▶ _DATA PROVIDED_:

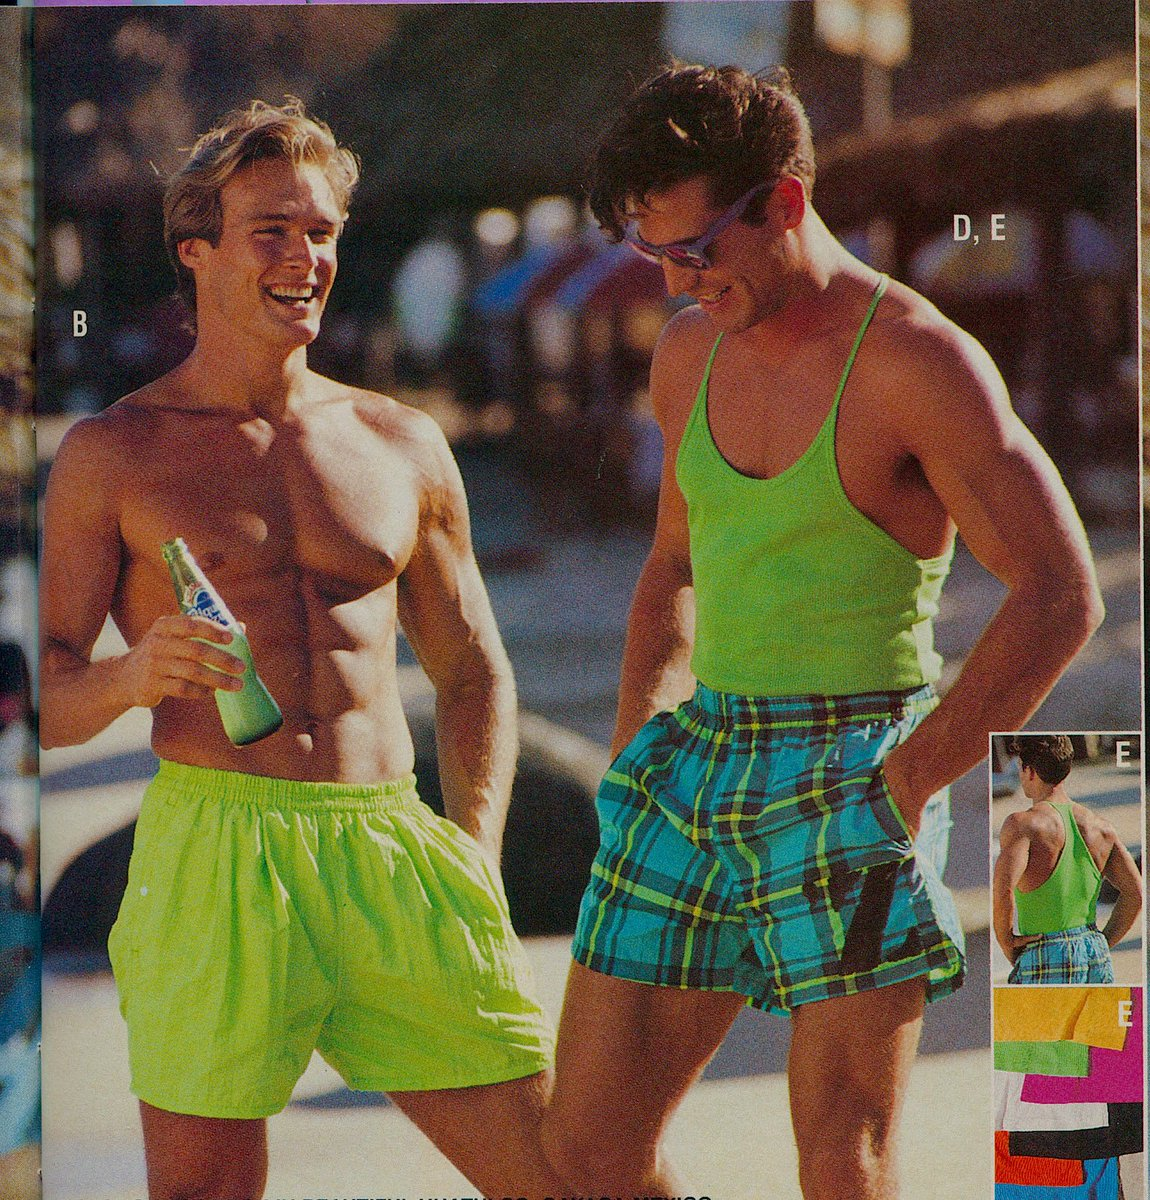 e62977bacf #allman #internationalmale #undergear #menswear #documentaryfilm # mensfashion #masculinity #vintageswimwear #menofinternationalmale #men ...
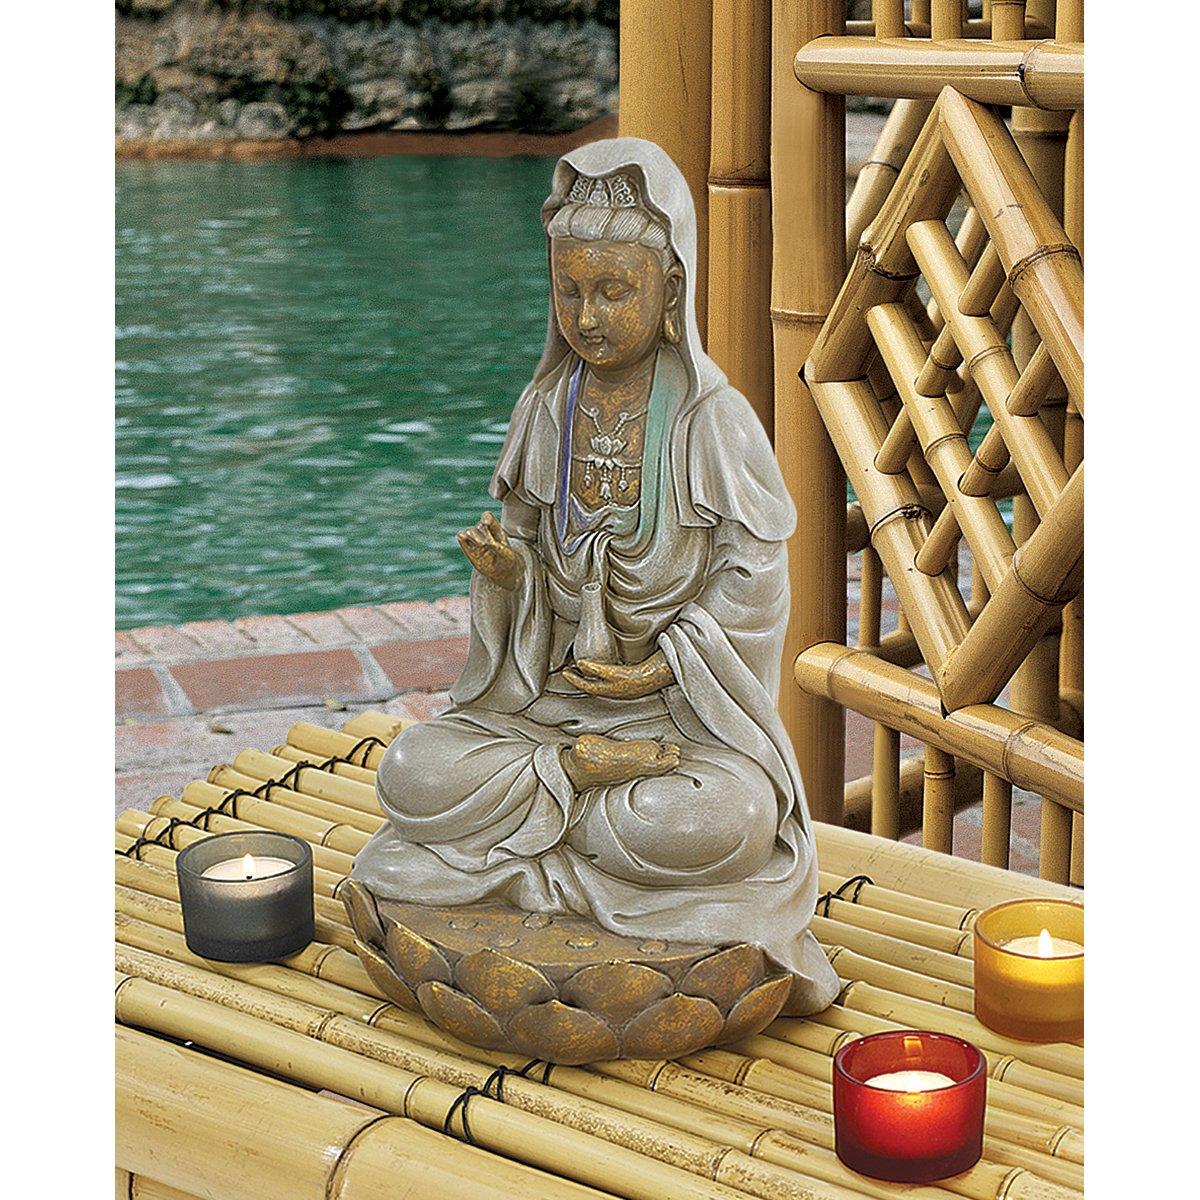 Amazon.com : Design Toscano Goddess Guan Yin Seated On A Lotus Statue :  Guanyin Statue : Garden U0026 Outdoor
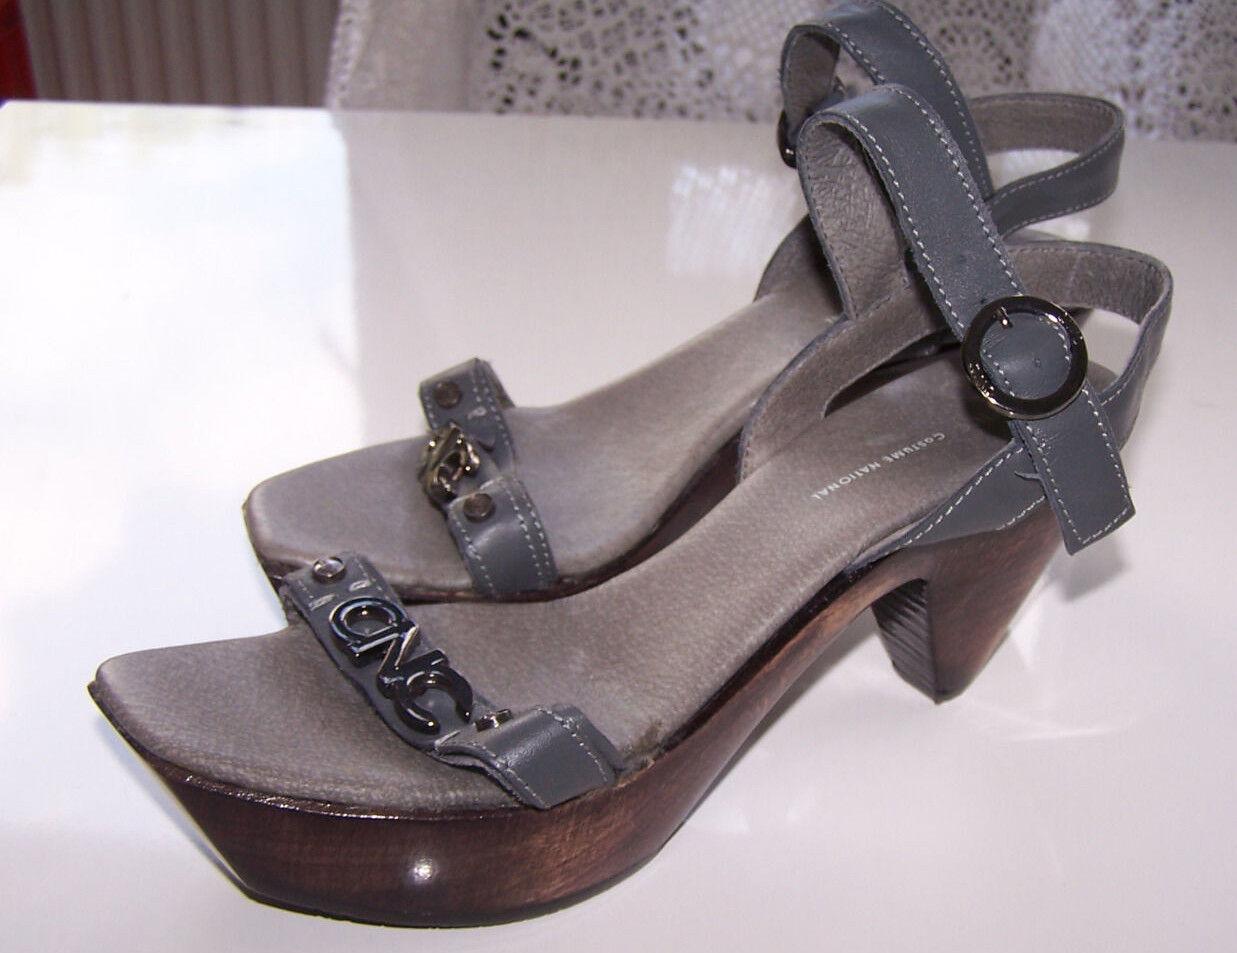 CNC Costume National Sandale Super schicker Damen Schuhe Sandale National Neu ungetragen 460d8e
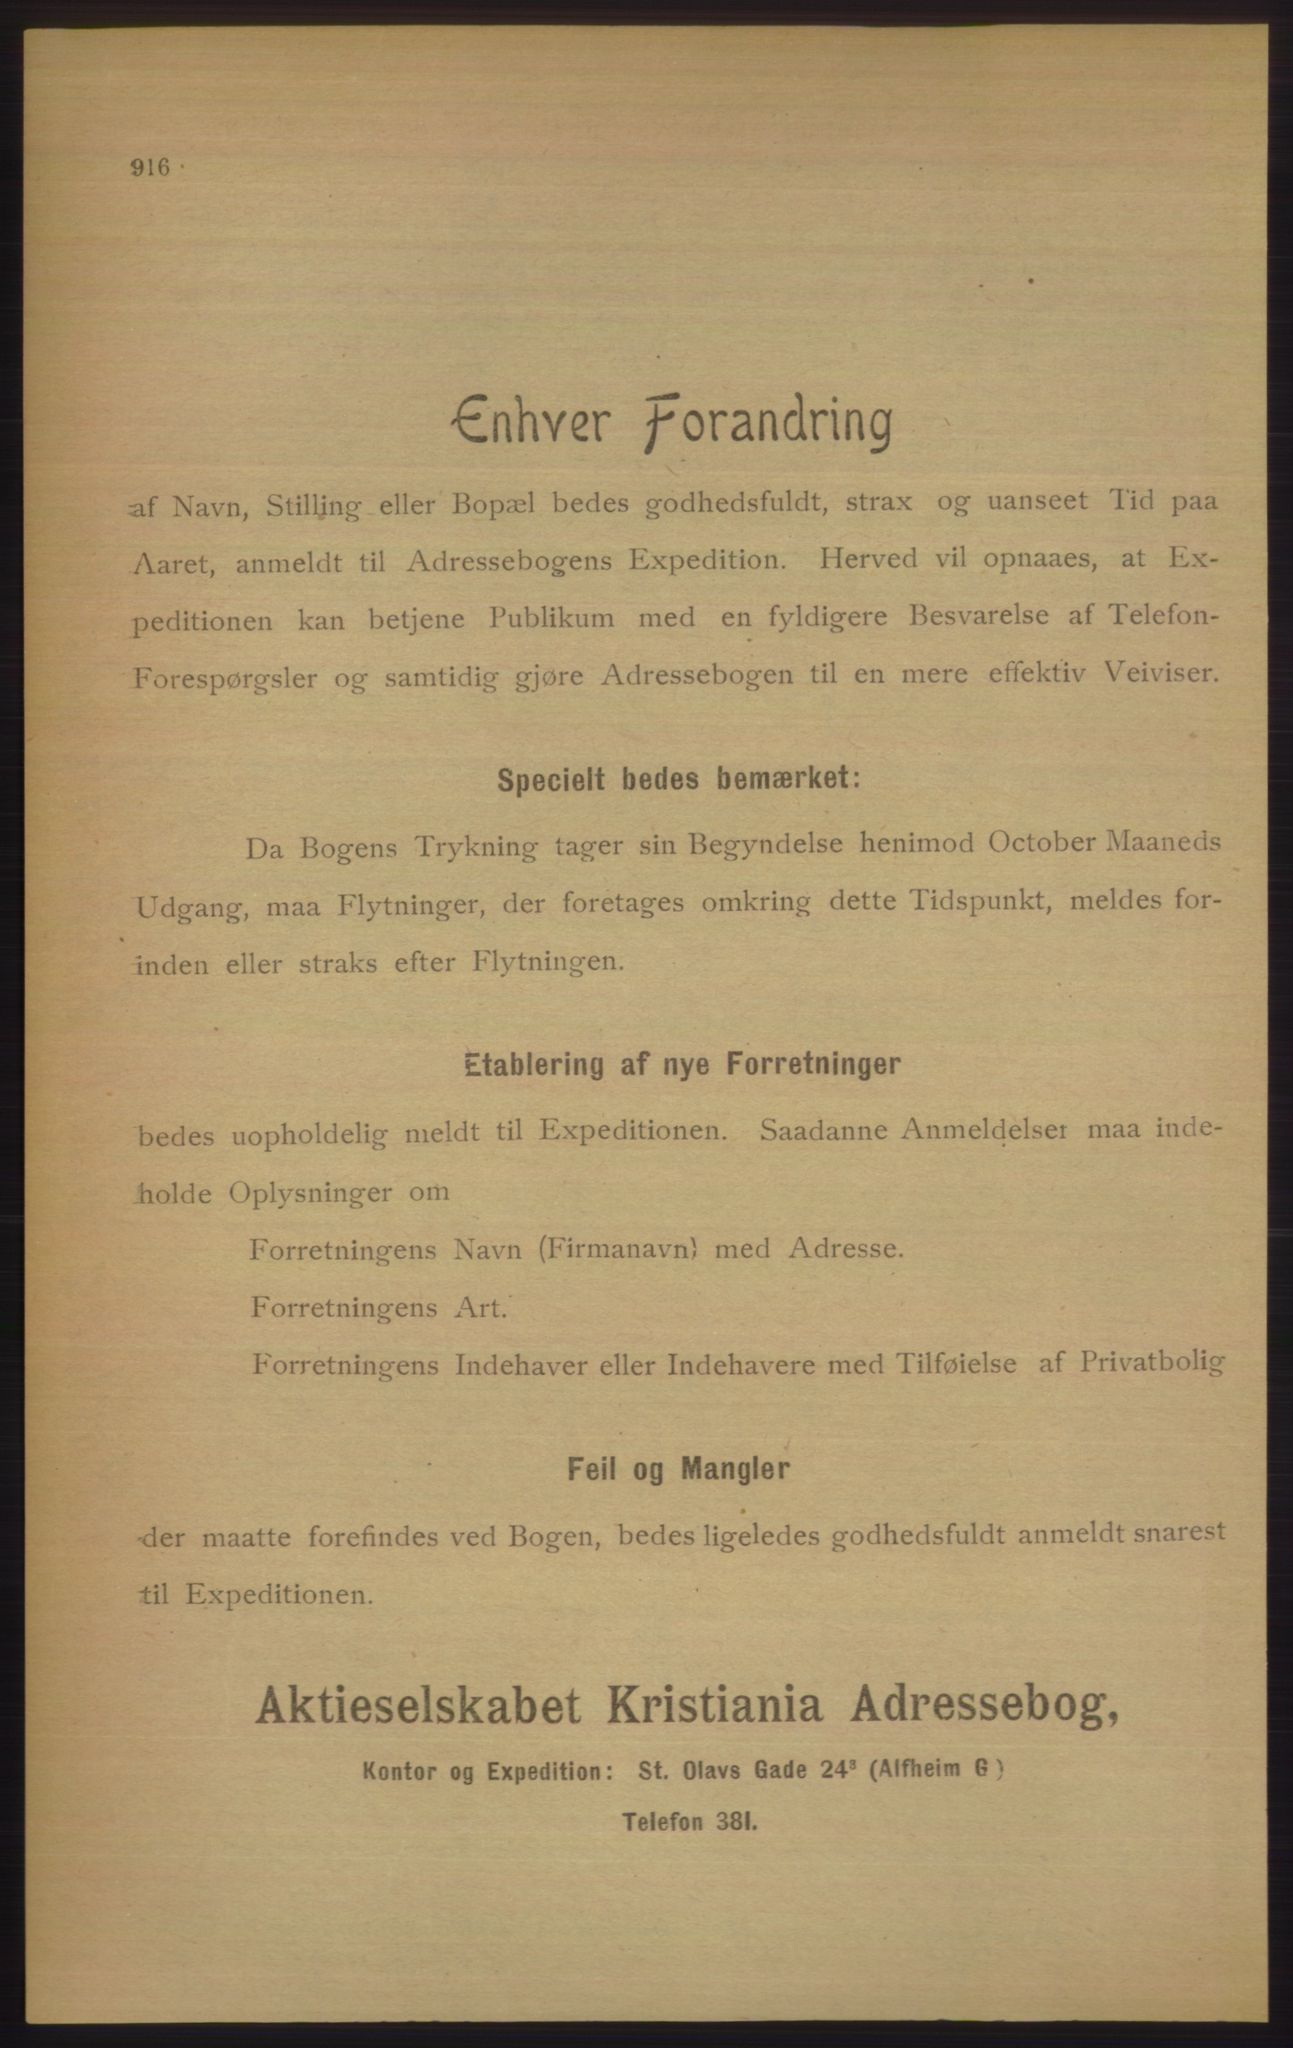 PUBL, Kristiania/Oslo adressebok, 1906, s. 916

▶ _PROBLEM DETAILS_: Pictures aside, reproduce all of the data exactly.

▶ _TASK OUTPUT_:
 e62977bacf #allman #internationalmale #undergear #menswear #documentaryfilm # mensfashion #masculinity #vintageswimwear #menofinternationalmale #men ...
 Amazon.com : Design Toscano Goddess Guan Yin Seated On A Lotus Statue :  Guanyin Statue : Garden U0026 Outdoor
 CNC Costume National Sandale Super schicker Damen Schuhe Sandale National Neu ungetragen 460d8e
 PUBL, Kristiania/Oslo adressebok, 1906, s. 916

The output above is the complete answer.